Apply a movement of 0.3 blocks per tick in the X direction to all boats (simulating a sea current):

# Once
scoreboard players set @e[type=boat] bs.vector.x 300
scoreboard players set @e[type=boat] bs.vector.y 0
scoreboard players set @e[type=boat] bs.vector.z 0

# In loop
execute as @e[type=boat] run function bs.move:by_vector

Take into account collisions and make the boat stop, with a precision of 0.1 block:

# Once
scoreboard players set @e[type=boat] bs.vector.x 300
scoreboard players set @e[type=boat] bs.vector.y 0
scoreboard players set @e[type=boat] bs.vector.z 0
scoreboard players set @e[type=boat] bs.collision 2
tag @e[type=boat] add bs.config.override
scoreboard players set @e[type=boat] bs.precision 100

# In loop
execute as @e[type=boat] run function bs.move:by_vector

How does it work?

This function will decompose the input vector in a sum of vectors with max component equal to the desired precision (by default, 1 block). The vector is a set of 3 scores : bs.vector.x, bs.vector.y, bs.vector.y that define the displacement of the entity

The function then use :

\[ V_i = A * V_n + V_r \]

With

  • \(V_i\) : the input vector

  • \(V_n\) : The input vector normalize such as it’s maximum component is equal to the precision

  • \(A\) : The number of times Vn need to be stacked to get near \(Vi\) (\(A \times V_n \approx V_i\))

  • \(V_r\) : the “rest” vector, that allow to perfectly match \(V_i\)

Once the vector is decomposed, the system loop from \(1\) to \(A\) to apply the movement corresponding to the \(V_n\) vector, and then apply once the \(V_r\) movement. To apply this vector, the system use a dichotomic function. Basically, it consist of teleporting the entity to +0.512 on the X axis if the X component of it’s vector is > 512 If it’s the case, then it remove 512 from the X component. Then repeast the operation with 256 (= 512/2) … then with 128 (= 256/2) At the end, the entity will be moved on the X axis by exactly the same distance indicated by the vector component

In each loop before applying the movement, the system call 3 __switch__ functions that allow to manage collision according to the value of bs.collision score.
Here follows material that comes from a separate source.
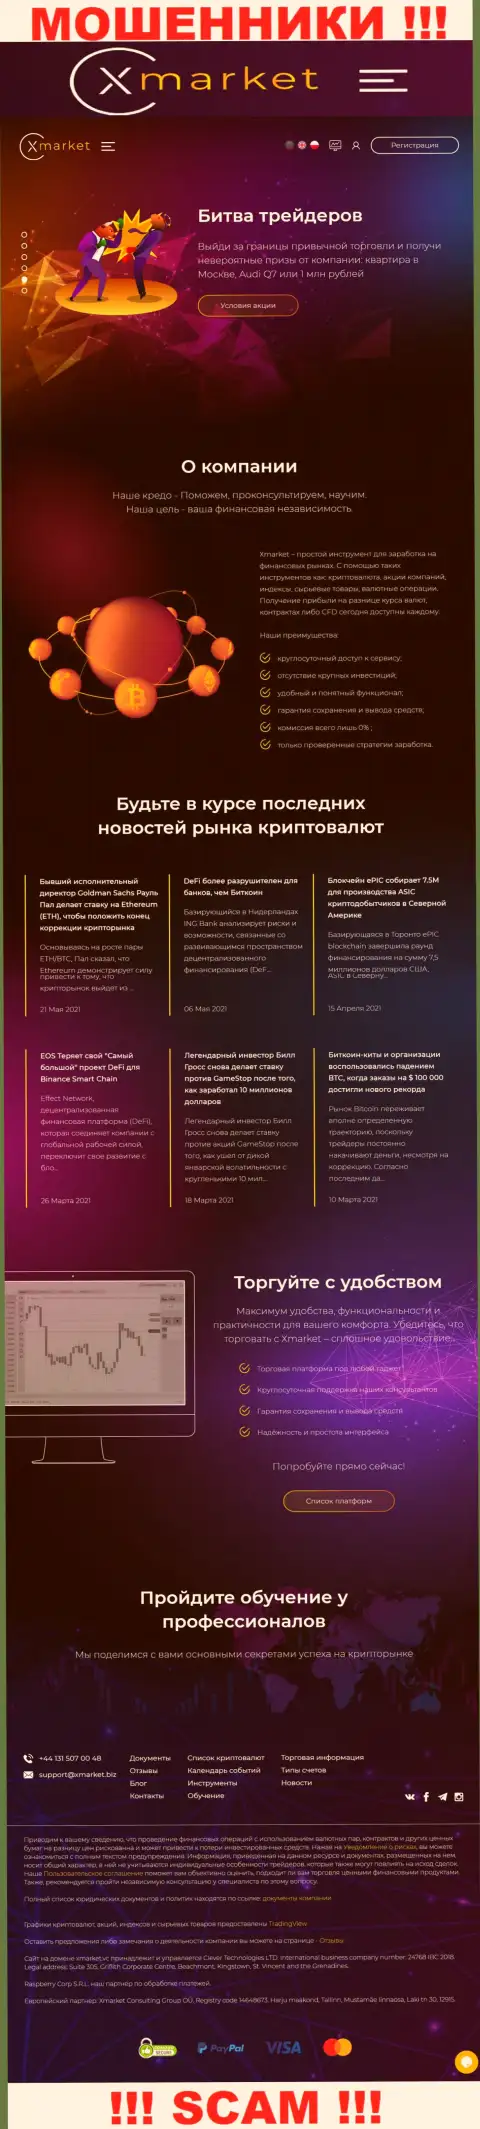 Главный веб-сервис мошенников и шулеров конторы ИксМаркет Вс

If the bs.collision score is negative, it will use the built-in collision systems (demo and general purposes). If the score is positive, it will use the user defined collision, calling the 3 following functions (in order) :

  • bs.config:move/by_vector/collision/heads/__switch__: Define the detection points

  • bs.config:move/by_vector/collision/detection/__switch__: Defin the nature of the detection (blocks adjancement)

  • bs.config:move/by_vector/collision/behavior/__switch__: Define the behavior of the entity when a collision is detected

See the “Create your own behaviors!” dropdown above for more details about collisions.

Dependencies

This function depends on:

Performance tip

Moving an entity using this system is pretty efficient because it only consist in 50 to 100 commands such as scoreboard operation and teleport, which doesn’t cost a lot. However, collision detection is from far the heaviest part due to block detection. A higher precision or a higher speed will increase the number of block detection and then the impact on performances.

bs.move:by_local_vector

Allows to move the entity according to its vector on each axis of the local reference frame.

Inputs
(execution) as <entity>

The entity to move

(scores) bs.vector.[x,y,z]

The local vector you want the entity to move on (respectively left, up and forward vectors), shifted by 3 digits (1000 \(\rightarrow\) move by 1 block)

Outputs
(state) @s position

The new position of the entity

Example

Apply a movement of 0.3 blocks per tick to the left to all boats:

# Once
scoreboard players set @e[type=boat] bs.vector.x 300
scoreboard players set @e[type=boat] bs.vector.y 0
scoreboard players set @e[type=boat] bs.vector.z 0

# In loop
execute as @e[type=boat] run function bs.move:by_local_vector

Performance tip

The system does not include any speed limit. However, the resources consumed by this function are proportional to the number of blocks/tick at which the entity moves.

Credits: Leirof

Move forward#

forward: Allows to move the entity according to the direction towards which it looks and its vector bs.vector.z

  • A vector of 1000 on an axis will cause a movement of one block at each execution of the function.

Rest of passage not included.